-- SOURCE MATERIAL follows --

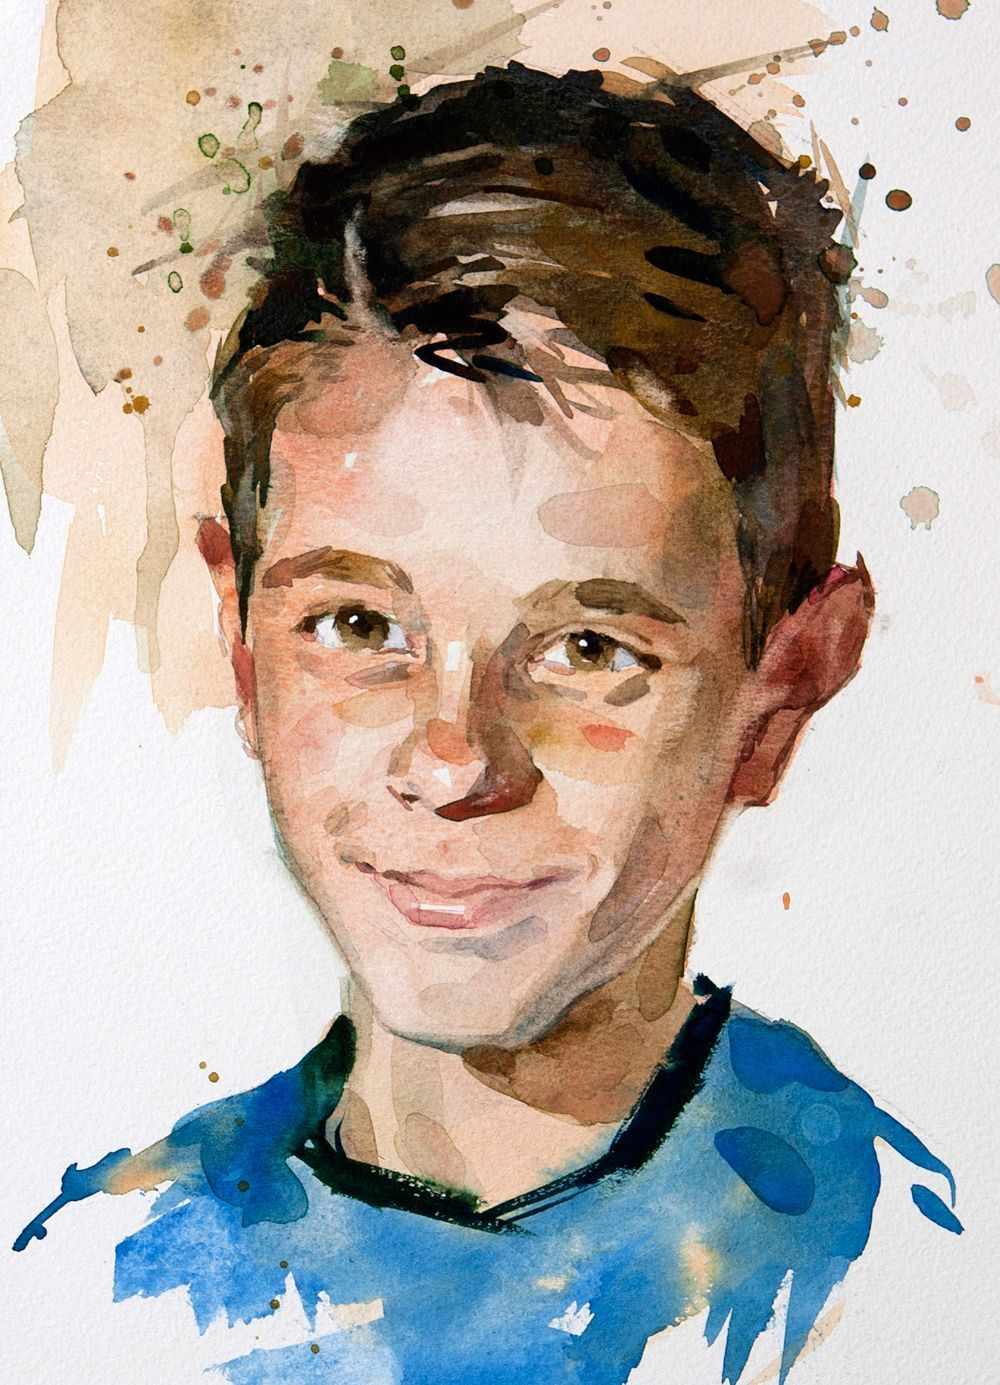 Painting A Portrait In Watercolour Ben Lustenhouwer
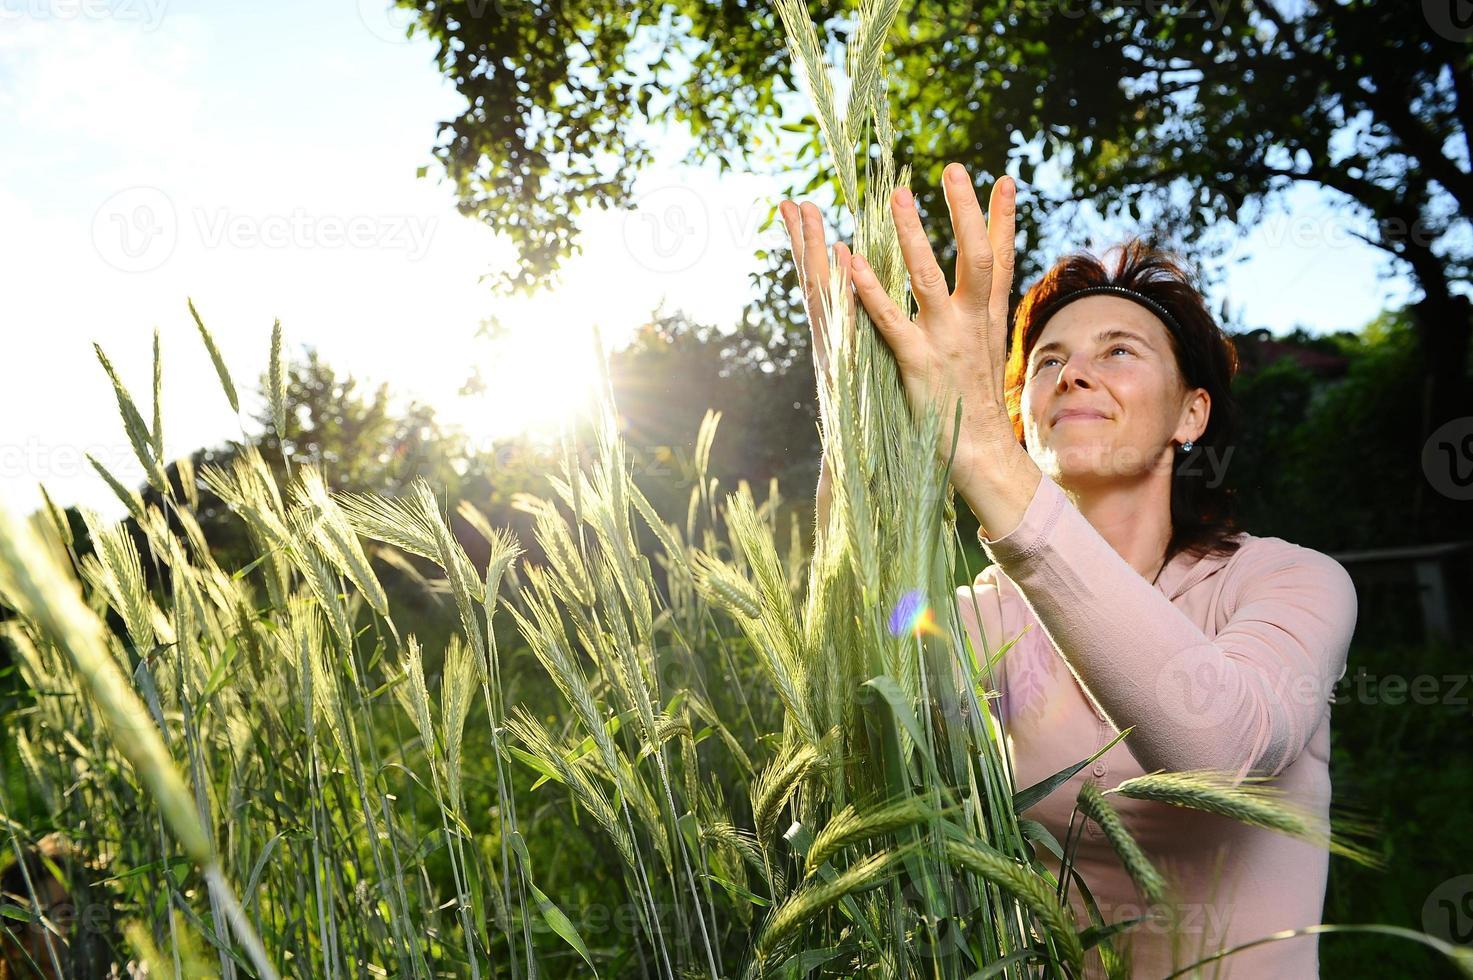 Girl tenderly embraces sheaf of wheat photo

-- SOURCE MATERIAL concluded --
-- SOURCE MATERIAL follows --

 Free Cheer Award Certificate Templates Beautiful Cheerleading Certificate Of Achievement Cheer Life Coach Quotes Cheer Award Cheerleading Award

-- SOURCE MATERIAL concluded --
-- SOURCE MATERIAL follows --

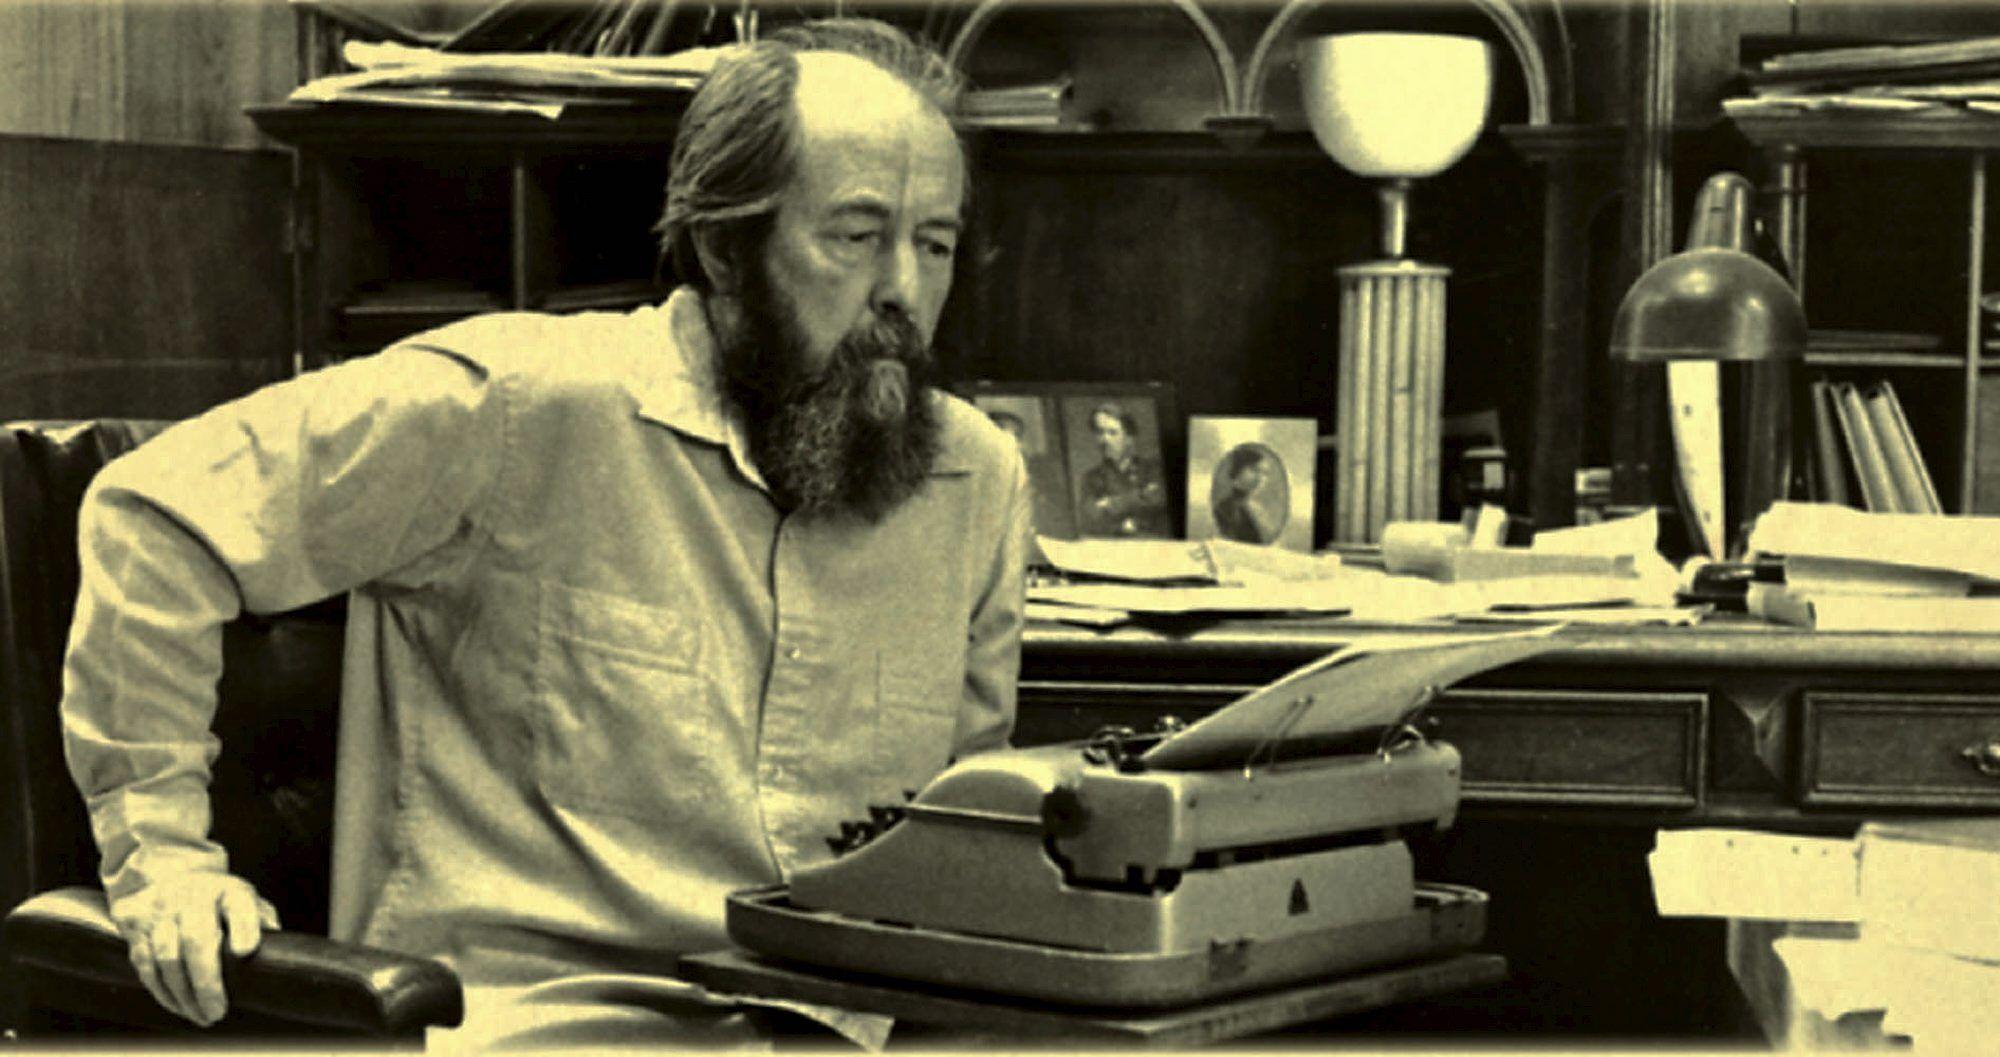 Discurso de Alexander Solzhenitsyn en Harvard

-- SOURCE MATERIAL concluded --

THE PROBLEM: In the listing above, find the line with "Painting A Portrait" and the line with "Girl tenderly embraces sheaf of wheat photo". Set down both and every line between them, minus the pictures.

OUTPUT FOR THIS TASK:
 Painting A Portrait In Watercolour Ben Lustenhouwer
 Girl tenderly embraces sheaf of wheat photo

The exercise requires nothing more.